Wages, working conditions and living conditions are central to ensuring decent work and safe operations in road transport. The 2019 ILO Guidelines on the promotion of decent work and road safety highlight that these factors are closely interconnected and directly influence both worker wellbeing and road safety outcomes.

In practice, structural features of the sector—such as fragmented supply chains, cost pressures and non-standard employment arrangements—can create challenges in ensuring fair and stable remuneration, reasonable working hours and adequate rest. Drivers may face income insecurity, long periods away from home and limited access to safe rest facilities, all of which can impact health, safety and quality of life.

Working and living conditions, including access to sanitation, secure parking and rest areas, are particularly important given the mobile nature of the sector. Where these are insufficient, risks can arise that affect both physical and mental wellbeing.

Addressing these issues is therefore essential to improving safety, sustainability and resilience across road transport supply chains.

The way wages are calculated can create significant human rights and safety risks. Pay systems based on distance travelled, number of loads delivered or trips, time spent may fail to account for waiting time, loading and unloading, border delays, traffic congestion or mandatory rest periods. Where pay is directly linked to output rather than time worked, drivers may feel pressured to exceed legal driving hours, skip rest breaks or engage in unsafe practices to earn a living wage. 

Drivers will work until they achieve a wage they can survive on. For those engaged in NSFE, this can result in unsafe driver practices due to being forced to work faster, for longer hours, without breaks, without adequate training or equipment, when ill or injured, in heavy traffic, during bad weather or even during extreme weather events. The 2019 ILO Guidelines on the promotion of decent work and road safety in the transport sector state that, “pressure from supply chain entities can be an underlying cause of transport workers adopting riskier and unsafe driving practices”. Research shows that a 1% increase in driver pay reduces accidents by between 1 and 3%. 

These risks can be amplified in subcontracted or cross-border operations, where payment arrangements vary across jurisdictions and are difficult for client companies to monitor. Piece-rate or performance-based pay models can also obscure underpayment, as workers’ total earnings may appear adequate while effective hourly rates fall below legal or collectively agreed standards.  

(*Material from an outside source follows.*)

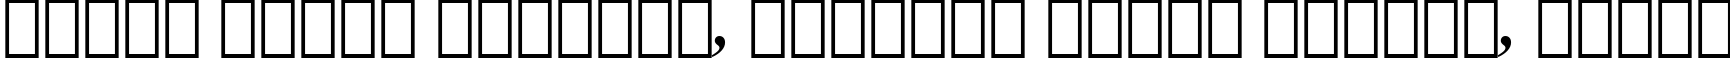 Пример написания шрифтом Dutch 801 Bold Italic BT текста на белорусском
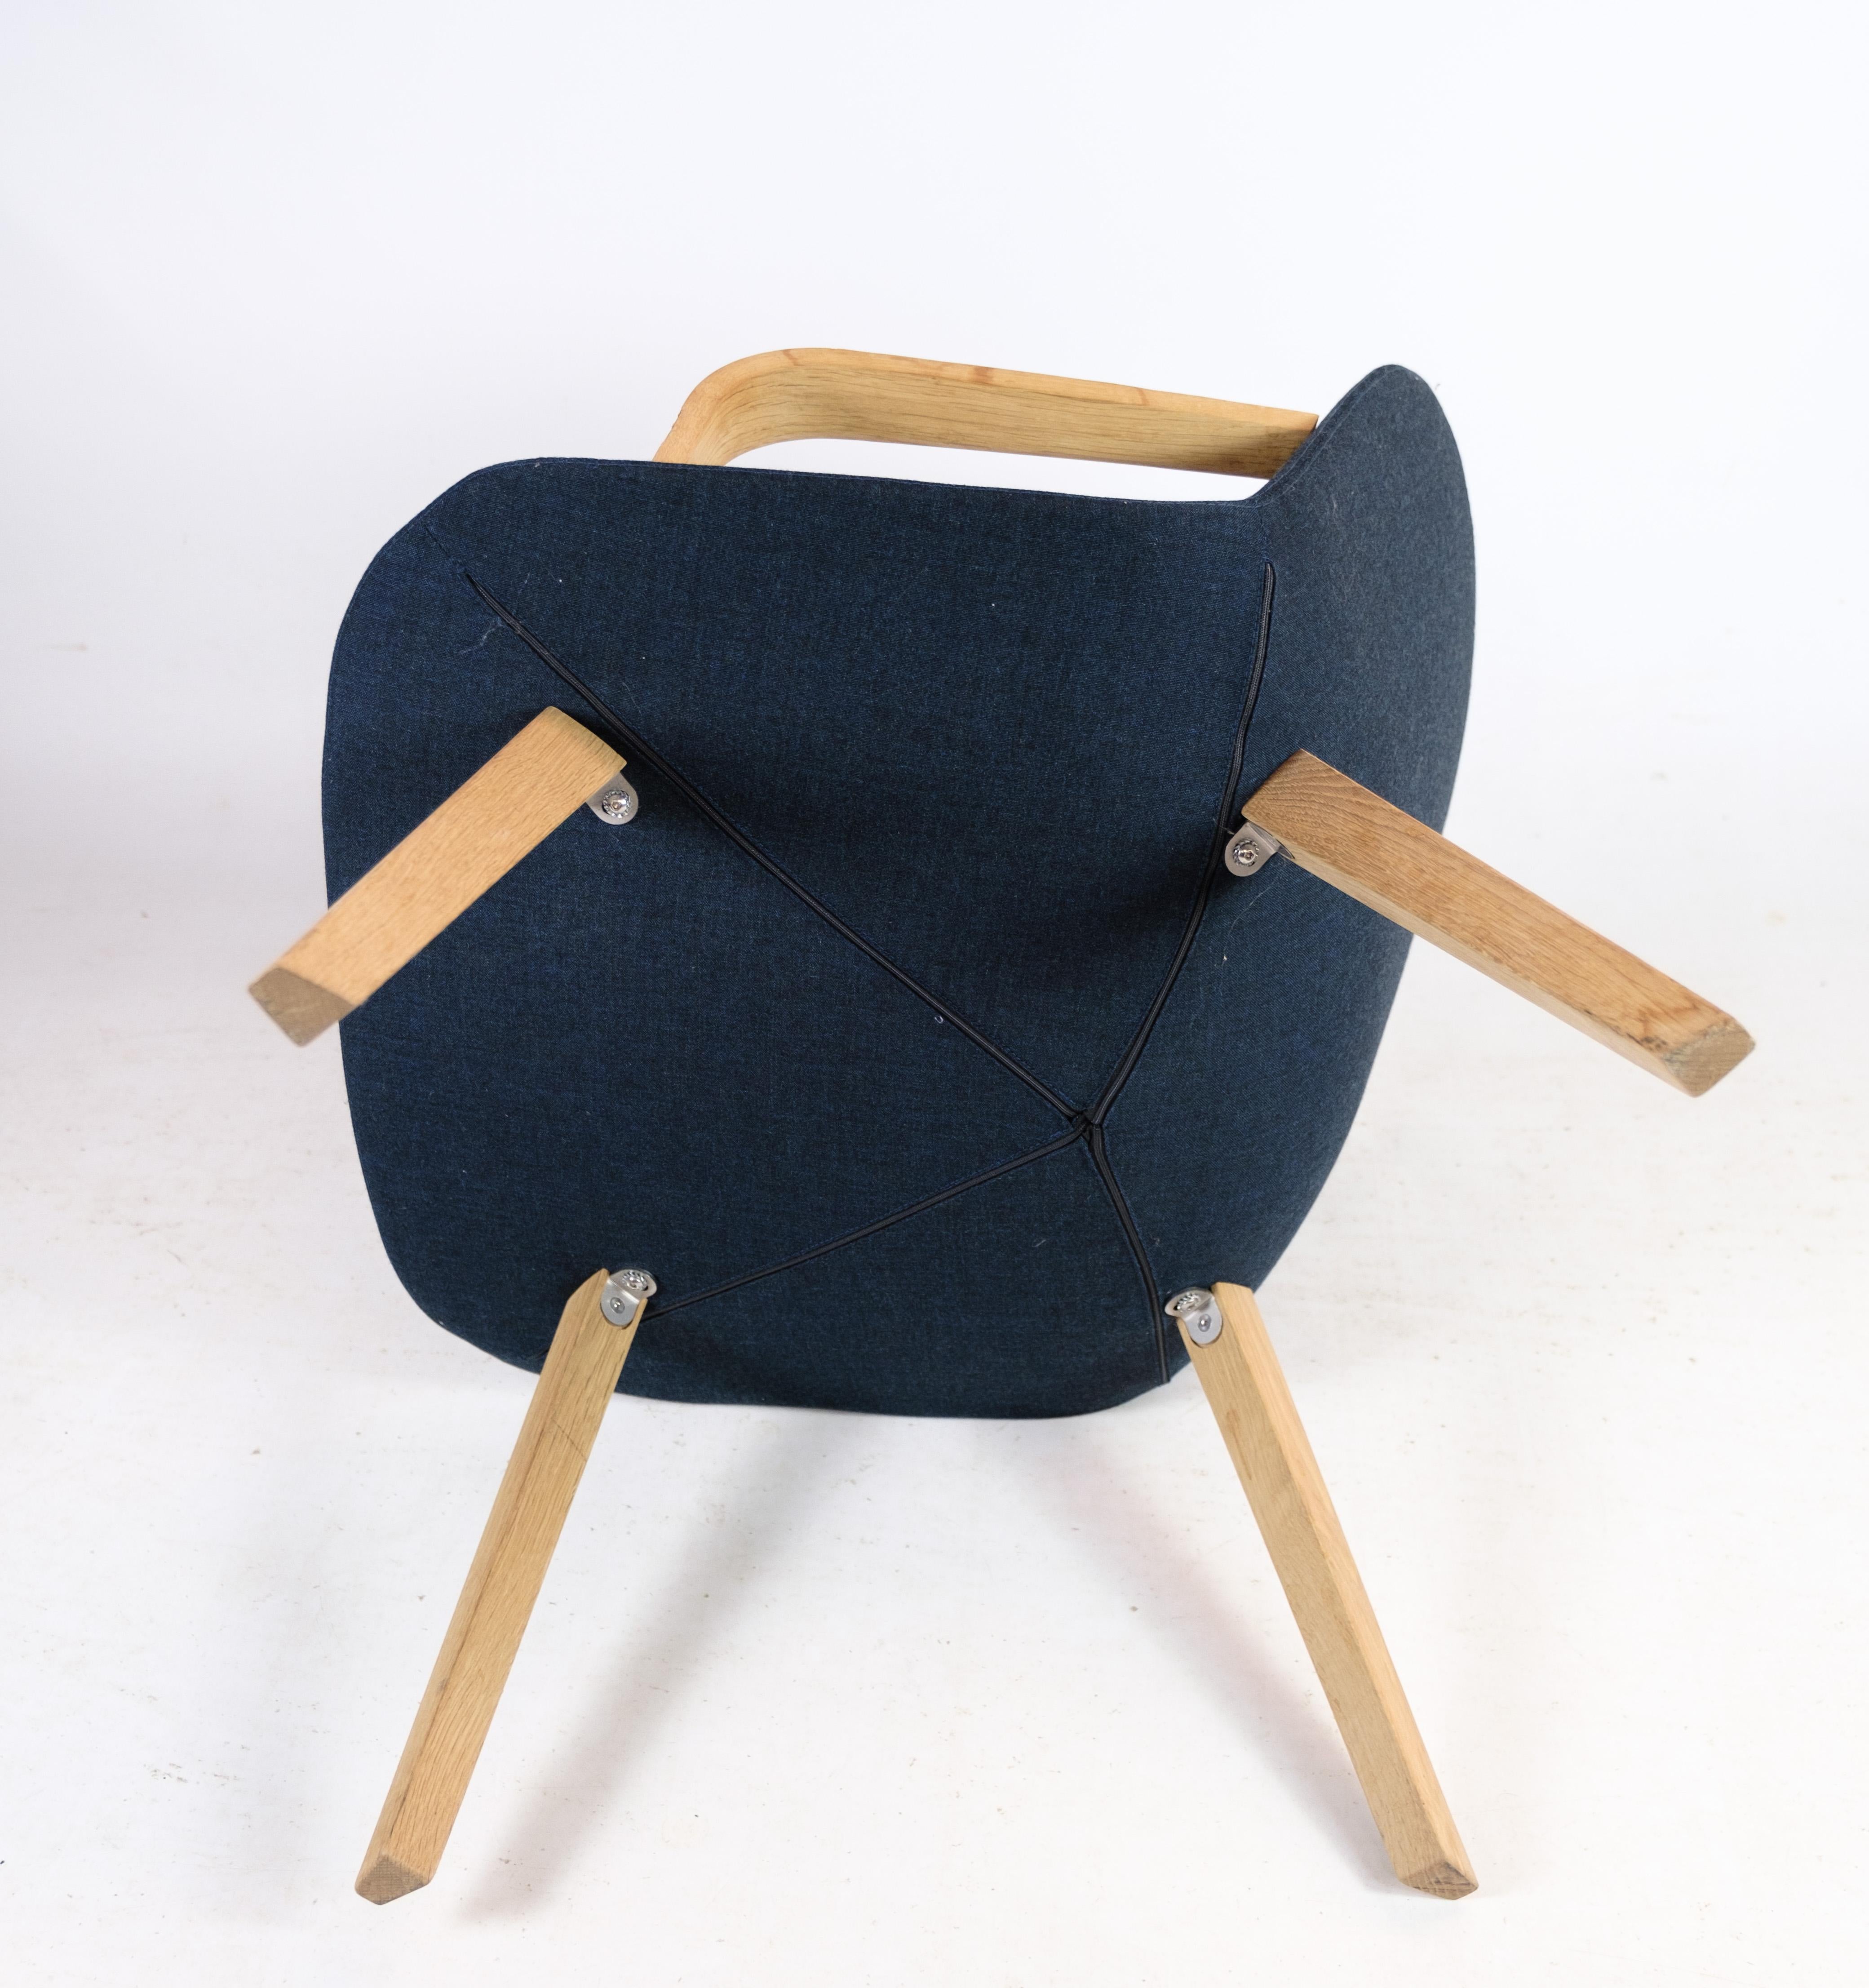 La chaise longue, modèle EJ 3, méticuleusement fabriquée en chêne avec un luxueux tissu en laine bleue par Erik Jørgensen, dans le cadre de la série réputée Eyes. Cette chaise exquise allie harmonieusement un design contemporain à un confort

The structure of renumeration in road transport can further conceal labour rights violations. In some contexts, wages are supplemented or replaced by daily allowances, per diems, bonuses or reimbursements for working costs such as fuel, accommodation, or equipment. Where such payments are used to inflate apparent earnings or substitute for wages, they may undermine minimum wage compliance, reduce social security contributions, and limit access to benefits such as pensions, sick pay, and unemployment protection. 

 

Pay

Irregular payment of wages, delayed payments, and the withholding of pay are persistent risks in road transport supply chains. Workers may experience late or unpredictable wage payments due to cash-flow pressures within subcontracting chains, disputes over completed work, or unilateral deductions for fuel, vehicle damage, or administrative costs. In some cases, final wages may be withheld when workers leave employment, particularly in situations involving drivers in NSFE. Such practices create acute financial hardship, increase workers’ dependence on employers or intermediaries, and deter workers from raising concerns or reporting abuses.

 

Living conditions

The working and living conditions of long-haul truck drivers represent a severe and overlooked human rights crisis in global supply chains. Due to inadequate renumeration and a lack of proper roadside infrastructure, many subcontracted drivers are forced to live in their truck cabins for weeks or months at a time, frequently without access to clean water, climate control, or basic sanitation facilities. This is can be exacerbated at client-controlled loading sites where drivers are denied access to on-site toilets and rest facilities, forcing them into degrading hygiene practices to maintain delivery schedules. Furthermore, deductions for fuel, insurance, and maintenance can lead to "negative wages," where a driver effectively owes the company money for a week’s work—a primary indicator of debt bondage that traps the drivers in a cycle of structural exploitation.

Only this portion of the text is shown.